I'm not exactly sure what I'm looking for
Keep relying on junk instruments, and you'll be looking for a pocket full of cash.
Stay out of the WOT stuff, til you get some reliable instruments, and check the car out. {Or, have someone that knows them, do it for you.}
 
Keep relying on junk instruments, and you'll be looking for a pocket full of cash.
Stay out of the WOT stuff, til you get some reliable instruments, and check the car out. {Or, have someone that knows them, do it for you.}
The car just doesn't seem to be running as I think it should. I figure there should be more then 10psi of boost and the high rpm shifting is all the time, not just WOT. And that worries me a bit
 
The car just doesn't seem to be running as I think it should. I figure there should be more then 10psi of boost and the high rpm shifting is all the time, not just WOT. And that worries me a bit
I would take Chuck's advice and have someone who knows these cars take a look at it. It could be the T.V. cable is adjusted too tight giving you the late shifts. Not to stir anything up but I would be suspicious of the symptoms. It could be the transmission is going south and the previous owner limited the boost and tightened the T.V. cable to increase the pump pressure in the transmission to keep it from slipping.
 
Or it could have spit the spring out of the governor. You should really try to find someone nearby that can at least walk you through some basics. Where are you located?
 
Or it could have spit the spring out of the governor. You should really try to find someone nearby that can at least walk you through some basics. Where are you located?
I'm located in mid Missouri. I dont know anyone around that knows these cars
 
Probably be a good idea to tackle one issue at a time.

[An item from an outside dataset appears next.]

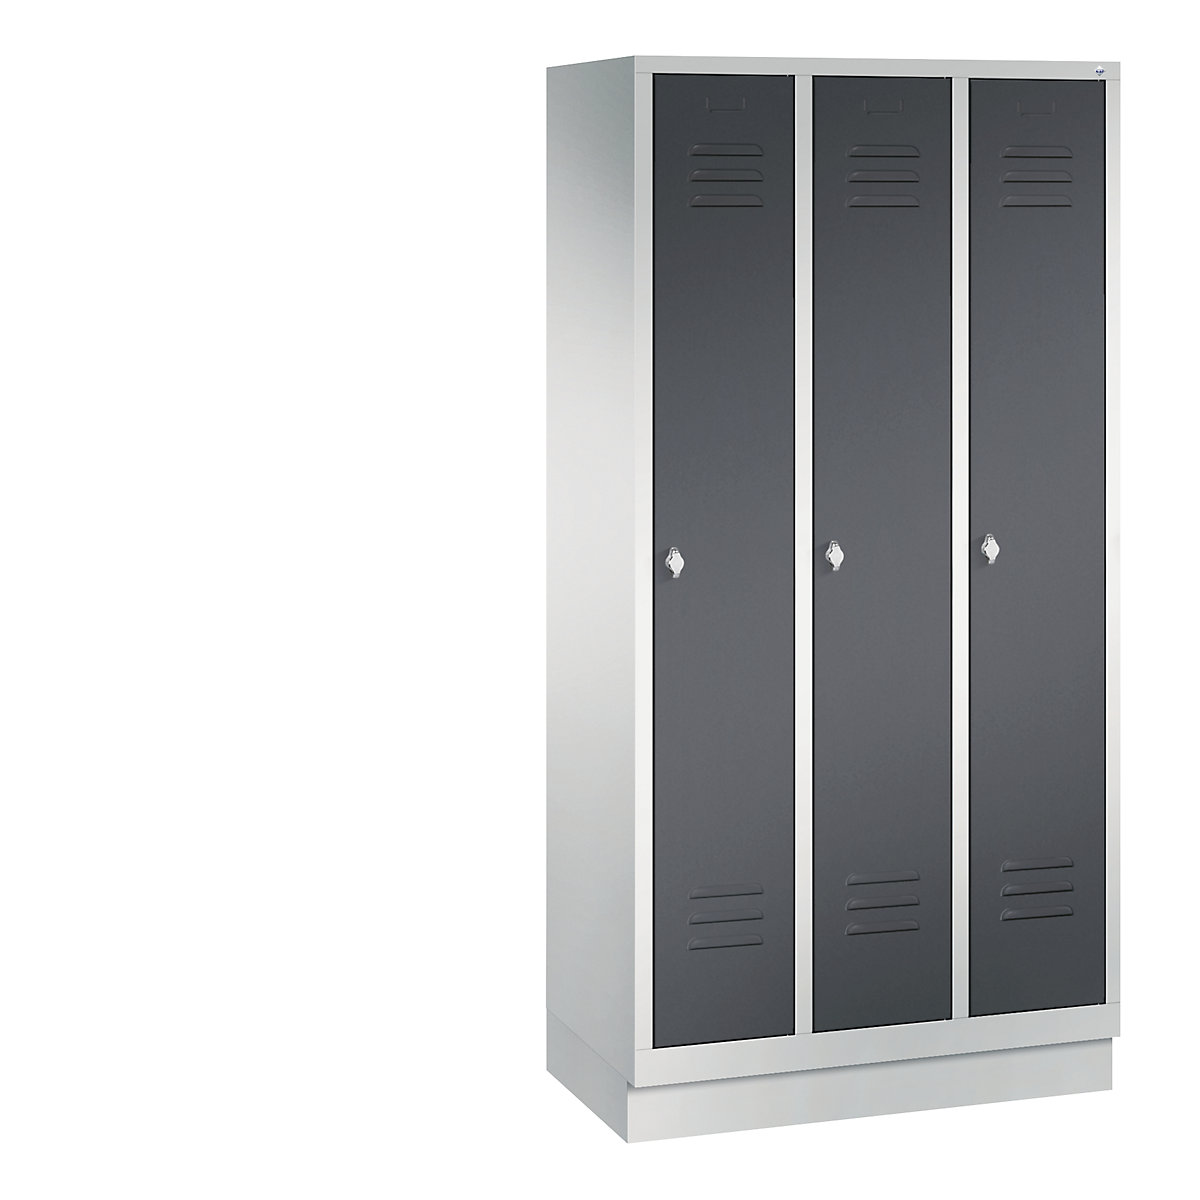 Garderobna omara CLASSIC s podnožjem – C+P, 3 predelki, širina 300 mm/predelek, svetlo sive / črno sive barve-7

Fix the TCC first, set the TV cable properly, and while the pan is off check the governor. Post pictures along the way and you will get more help.

Do get a boost gauge, fuel pressure gauge and consider a Scanmaster. You really need all 3 eventually.
 
Probably be a good idea to tackle one issue at a time. Fix the TCC first, set the TV cable properly, and while the pan is off check the governor. Post pictures along the way and you will get more help.

Do get a boost gauge, fuel pressure gauge and consider a Scanmaster. You really need all 3 eventually.
Thanks. Will do
 
If you have a service engine light on, probably a code 31, blown ecm/sol 10 amp fuse. Blows when a faulty tcc solenoid tries to lock up, or when the boost solenoid sees over 10psi and tries to activate. Confirm by unplugging harness on driver side of trans, and go for a little drive getting into boost.
 
If you have a service engine light on, probably a code 31, blown ecm/sol 10 amp fuse. Blows when a faulty tcc solenoid tries to lock up, or when the boost solenoid sees over 10psi and tries to activate. Confirm by unplugging harness on driver side of trans, and go for a little drive getting into boost.